==== Source information

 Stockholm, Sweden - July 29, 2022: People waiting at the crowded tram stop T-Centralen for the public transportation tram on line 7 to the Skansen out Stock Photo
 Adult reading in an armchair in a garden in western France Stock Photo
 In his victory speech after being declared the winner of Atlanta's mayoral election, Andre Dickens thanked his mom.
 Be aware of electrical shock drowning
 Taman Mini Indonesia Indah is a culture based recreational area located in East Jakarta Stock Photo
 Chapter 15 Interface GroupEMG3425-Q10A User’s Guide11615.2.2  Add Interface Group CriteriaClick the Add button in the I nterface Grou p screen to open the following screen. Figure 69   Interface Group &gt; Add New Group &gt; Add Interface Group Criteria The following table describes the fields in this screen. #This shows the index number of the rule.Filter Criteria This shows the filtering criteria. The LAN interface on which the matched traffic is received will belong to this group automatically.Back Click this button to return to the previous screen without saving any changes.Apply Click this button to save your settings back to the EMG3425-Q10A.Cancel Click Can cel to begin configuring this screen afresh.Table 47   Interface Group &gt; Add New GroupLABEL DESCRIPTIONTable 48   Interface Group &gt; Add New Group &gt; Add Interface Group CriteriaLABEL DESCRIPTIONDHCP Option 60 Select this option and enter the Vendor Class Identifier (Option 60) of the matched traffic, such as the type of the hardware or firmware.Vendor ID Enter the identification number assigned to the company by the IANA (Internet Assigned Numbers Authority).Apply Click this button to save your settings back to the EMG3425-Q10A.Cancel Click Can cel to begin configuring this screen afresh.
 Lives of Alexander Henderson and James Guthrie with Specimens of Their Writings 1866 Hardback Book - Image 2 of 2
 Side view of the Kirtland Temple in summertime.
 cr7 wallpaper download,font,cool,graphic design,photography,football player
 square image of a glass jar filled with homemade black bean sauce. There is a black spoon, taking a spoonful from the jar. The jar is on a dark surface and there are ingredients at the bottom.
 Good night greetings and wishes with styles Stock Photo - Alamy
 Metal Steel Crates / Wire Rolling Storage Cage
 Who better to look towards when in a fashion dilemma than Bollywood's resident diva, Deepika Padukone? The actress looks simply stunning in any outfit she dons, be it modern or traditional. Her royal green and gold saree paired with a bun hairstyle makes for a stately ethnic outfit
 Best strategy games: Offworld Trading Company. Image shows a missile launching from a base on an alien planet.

========

> Exercise directions
The answer is the lines above between the line holding "Be aware of electrical shock drowning" and the line holding "Taman Mini Indonesia", inclusive, each written out exactly, and no others.

> Answer to this task
 Be aware of electrical shock drowning
 Taman Mini Indonesia Indah is a culture based recreational area located in East Jakarta Stock Photo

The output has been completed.